Jamie Oliver’s Food Revolution
My first reaction to "health nut"s in general is one of ridicule. Much of the vegan/vegetarian movement is complete bunk, and the crusade against fat in food is founded on a basis of flawed data interpretation and self-righteous asshattery. While I could write, and have written, reams on the misinterpretation of Ancel Keys' China Study data, this isn't really a health science blog, so those interested in more rantage in that direction can contact me in private.
The reason I mention this is that recently, a show called Jamie Oliver's Food Revolution became available again on hulu. While I have some qualms with Jamie Oliver and the approach to his show, I feel like it's at least worth a mention on the blog, as it addresses the sad state of food in America. And what a sad state it is--so sad, in fact, that some of my European friends have told me that a good portion of Europe thinks the state of food in America is an urban legend due to how ridiculous it sounds. Personally, I agree--just the descriptions of public school food in America evoke a very Orwell (or at least Vonnegut)-esque feeling, and I would be skeptic about them as well, if I hadn't lived here and experienced first-hand what "food" is fed to kids in public schools.
For me, the shots on Oliver's show brought back a lot of childhood memories. I remember rectangular "pizzas", most likely cooked by microwave, in bags of thin crinkly plastic film. Sometimes the cheese wouldn't even detach itself from the plastic, leaving a sloppy mess resembling more an item from Ted Bundy's basement than actual food, as my adolescent fingers fumbled with the packaging. Flat-looking hamburgers, luke-warm and tasting of bland gunk and muck with melty cheese and a soggy bun, with a side of french fries or potato puffs, depending on the day. "Breakfasts" of sugary cereals and diabetic danishes. The choice of beverage between the regular milk, and the more-sugar-per-volume-than-coca-cola chocolate milk--whatever the hell happened to water?--or strawberry milk, on rare days. I'm glad my parents threatened to beat me (alright, maybe it wasn't so extreme, but you get the message) if I ever took the flavored milk.
... Actually, looking back now, I don't think any of the "cheese" I mentioned above was actually cheese, as opposed to aerated hydrogenated soy oil. Ditto for the "beef."
I'm not saying the show is perfect, or that I necessarily like Jamie as a whole. The health problem in America is by no means one of just food, but one of lifestyle in general. And personally, I think he takes it a bit too far with the health food evangelism--for example, when he tries to overhaul the menu at a fast food restaurant in L.A., I found myself agreeing with some of the points the owner made about the integrity of the food; fucking around with the ingredients doesn't necessarily make it a "healthier" version of the same food, and his overreliance on yogurt and salads makes me cringe a little on the inside. Jamie also tends to overplay the "peasant" card, with the fake Cockney accent and the over-use of chicken chow mein in the first season (come on, Chinese food is screwed up enough already without your adding to it).
But at the end of the day, is he doing good work?

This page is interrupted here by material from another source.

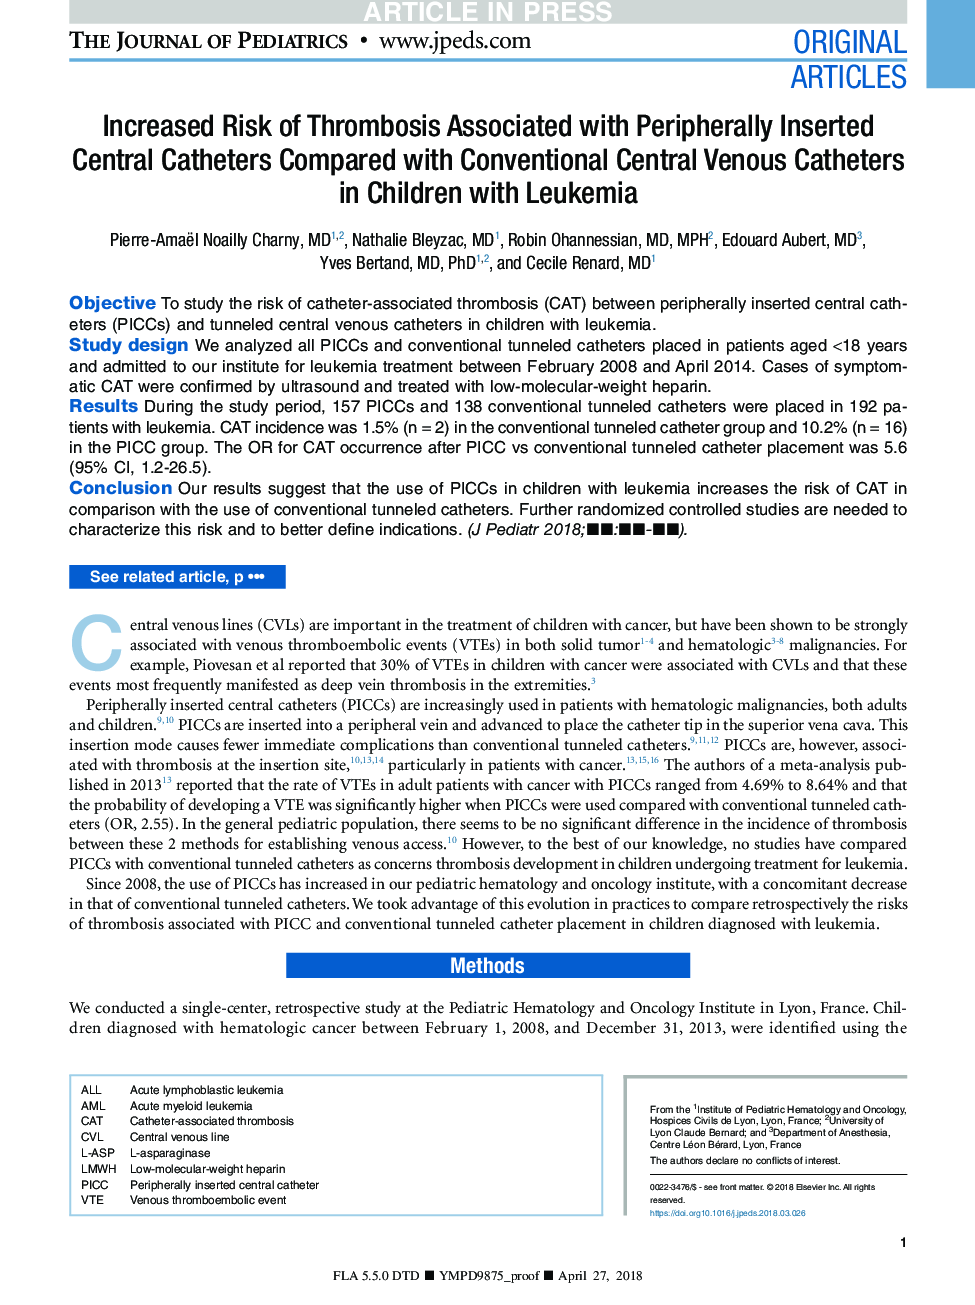 افزایش خطر ابتلا به ترومبوز همراه با کاتترهای مرکزی مورب در مقایسه با کاتترهای وریدی مرکزی در کودکان مبتلا به لوسمی 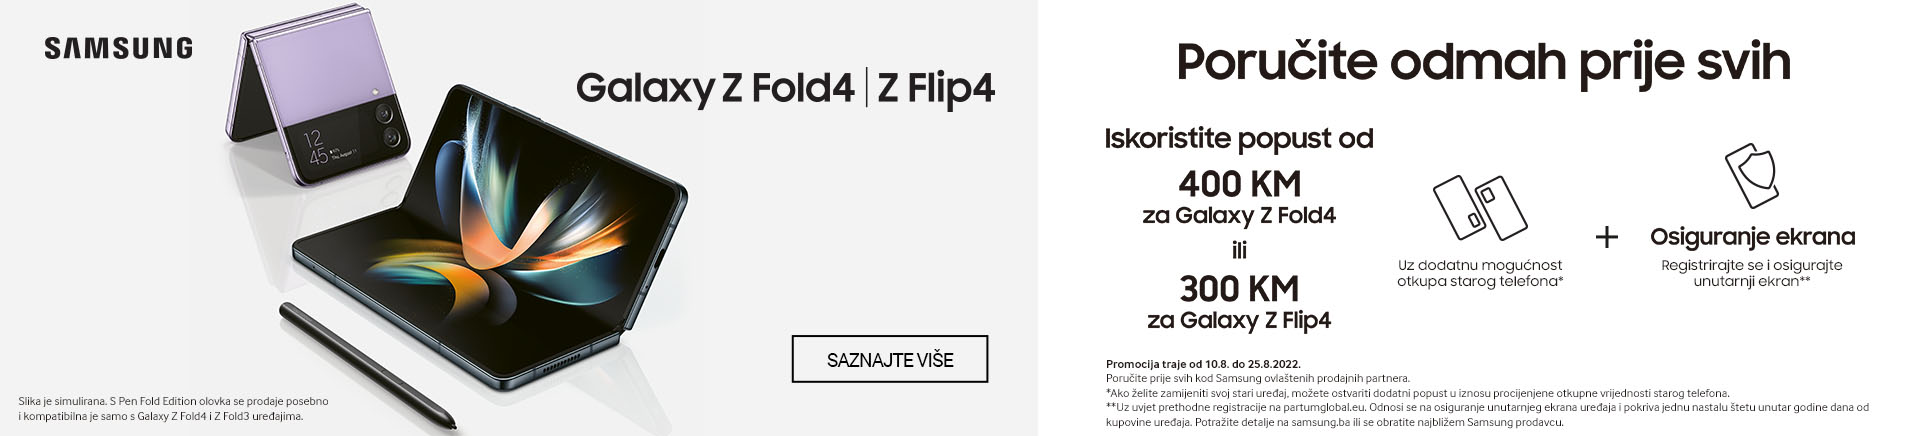 Samsung Galaxy Z Fold4 i Z Flip 4

I'd have to say yes. Jamie points out some major stupidity, such as the decision of one school board that it is a bad idea to remove flavored milk from school menus because, in a study funded by a milk processing group, it correlated with a 35% decrease in overall milk consumption--the exact kind of stark raving bureaucratic idiocy that I abhor. He does have a tendency to lean towards the dramatic, but none of the stuff on his show is outright bull, and he hits on all the important points (the overabundance of sugar and chemical processing, especially), so I do rather think it's worth a watch to anyone who cares. Hell, the dramatic flair is probably a good thing; if I had more activist in me, this show would probably have stirred me into a fiery ball of lobbyist energy, whose fury like hell hath no. As it stands, I just nod knowingly (having gone through the same school food bullshit myself) and hate people a little more on the inside.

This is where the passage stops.